Criado para socorrer famílias em condição de vulnerabilidade durante a pandemia, o Auxílio Brasil não corrige as falhas do Bolsa Família. Ao contrário, gera novas distorções na execução das políticas públicas de transferência de renda, por exemplo, ao não diferenciar beneficiários por número de familiares e faixa etária ou não aproveitar o banco de dados do Cadastro Único para entender o perfil dessas famílias.
As conclusões estão no estudo "Como avançar a agenda da proteção social no Brasil?", do Instituto Millenium, escrito em parceria pelos pesquisadores Marcos Mendes, Vinicius Botelho e Fernando Veloso. A pesquisa analisa o impacto e a distribuição dos programas de transferência de renda no país.
O estudo integra a terceira série dos Millenium Papers, análises embasadas por especialistas com o objetivo de fomentar o debate sobre políticas publicas.
Ao analisar o Auxílio Brasil, que representou uma reestruturação do Programa Bolsa Família e de outras ações de desenvolvimento social pela atual gestão, os novos programas governamentais não representaram um incremento real e suscitaram novos atrasos na agenda de proteção social no país.
Porém, desde a criação do Bolsa Família, houve progresso com a retirada de milhões de famílias da extrema pobreza. Os pesquisadores também analisam como positivo o aprimoramento das políticas para atender os trabalhadores informais, antes, ainda mais invisibilizados.
“Há duas formas de prover essa proteção: pode-se criar regimes de formalização simplificados ou expandir o rol de programas vinculados ao Cadastro Único para oferecer alguma forma de proteção a esse grupo de trabalhadores informais”, aponta o documento.
Propostas
Diante do cenário de desigualdades, os autores desenvolveram o Programa de Responsabilidade Social, focado em quatro programas-chave:
- Poupança Seguro-Família, pelo qual trabalhadores informais também recebem benefícios derivados da declaração de seus rendimentos;
- Poupança Mais Educação, para que os jovens de famílias beneficiárias do Benefício de Renda Mínima terminem o ensino médio;
- Programa Criança Feliz, já existente, o estudo propõe a expansão do programa voltado a promoção de práticas de parentalidade associadas a maior desenvolvimento infantil;
- Identificação de talentos e vocações nos jovens, em particular os beneficiários do Bolsa Família, para receberem mentoria, associadas a bolsas de iniciação científica.
“E crucial que a agenda de protecão social seja retomada no Brasil, com foco nas questões que são realmente prioritárias e que combinem o objetivo de curto prazo, de diminuir os efeitos da pobreza, com solucões de longo prazo, por meio da reforma da estrutura de benefícios atualmente existente na direção de uma maior racionalização de conceitos e critérios, para aumentar a potencia da politica social no combate a pobreza, na redução de desigualdade de renda e na proteção de amparo as famílias vulneraveis”, concluem os autores.
Para eles, no entanto, é necessário obter um orçamento para os programas que não sobrecarregue as contas públicas. “Infelizmente, o Auxílio Brasil terá um custo 2,5 vezes maior que o do Bolsa Família com ganhos limitados em termos de redução de pobreza e desigualdade”, afirmam.
Seguindo a mesma linha, Marcos Mendes completa: “Não estamos num país rico, com alguns pobres que a gente tem que tirar da pobreza. Temos que elevar um país todo. Nos últimos 40 anos, a renda per capita do Brasil cresceu abaixo de 1% ao ano. (...) Nós construímos no Brasil uma economia disfuncional, que trava o crescimento. Criamos um Estado que não para de crescer. Para financiar isso, teve que aumentar brutalmente a carga tributária”, critica.
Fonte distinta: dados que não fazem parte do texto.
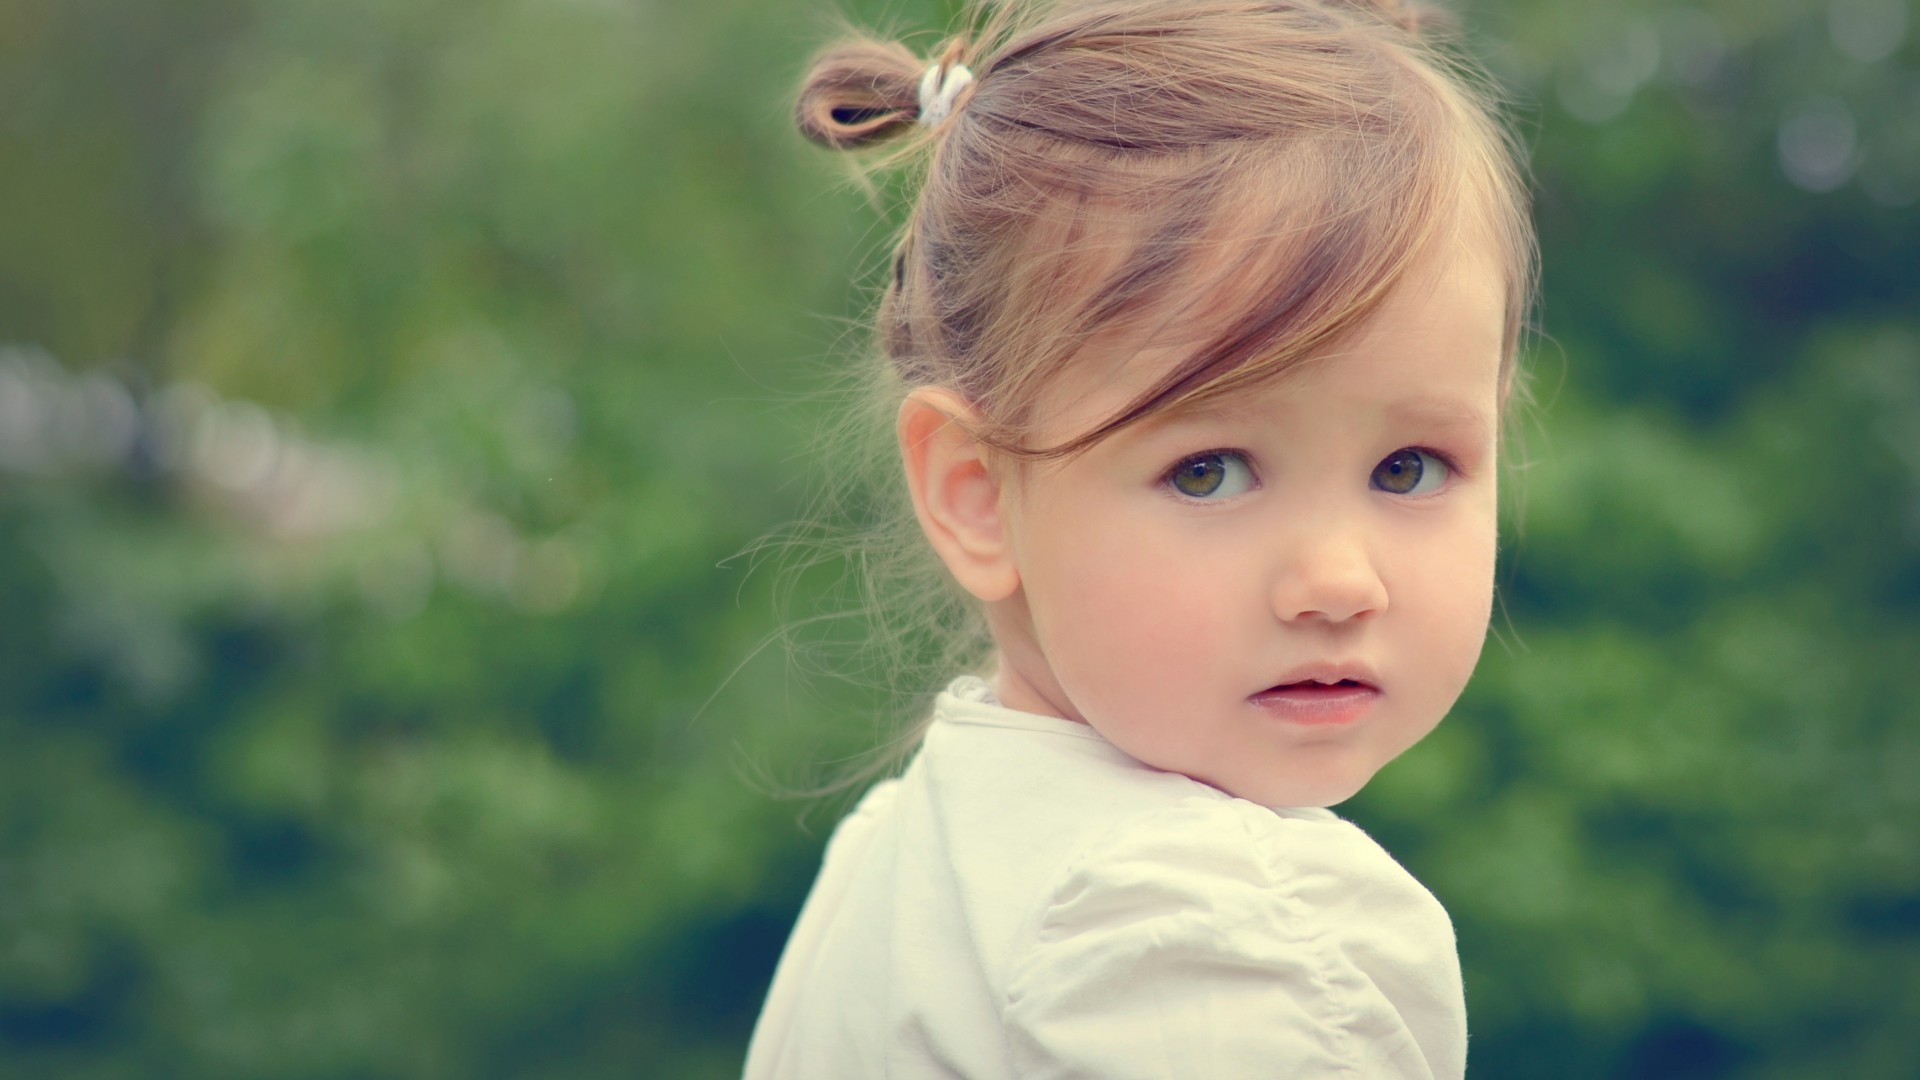 People 1920x1080 children baby face

Botelho e Mendes escreveram o mais recente paper do Instituto Millenium, “Como avançar a agenda da proteção social no Brasil?”, recém-lançado no site do instituto. A anfitriã do evento, a diretora executiva Marina Helena Santos, resume: “Não há outra forma de gerar riqueza se não for pelo crescimento. E a gente acabou de perder 40 anos nesse sentido”, referindo-se ao dado apresentado por Mendes.
Longo caminho
A diretora executiva do Instituto Millenium ressalta ainda que houve avanço no socorro imediato aos mais pobres, mas ainda temos um longo caminho a percorrer para melhorar definitivamente a vida dos brasileiros que mais precisam.
Para o economista Marcos Lisboa, do instituto Insper, o Bolsa Família servia também para transformar as famílias, dando oportunidades para que a geração mais velha pudesse garantir que seus filhos frequentem a escola e para não precisarem de programa social. Mas algo não deu certo.
"Há inúmeras evidências que relacionam aumento de escolaridade com aumento de produtividade e aumento de salários no mundo inteiro, mas só no Brasil não funciona. Aumentou a escolaridade, mas não o aprendizado, o salário, a produtividade", pontua.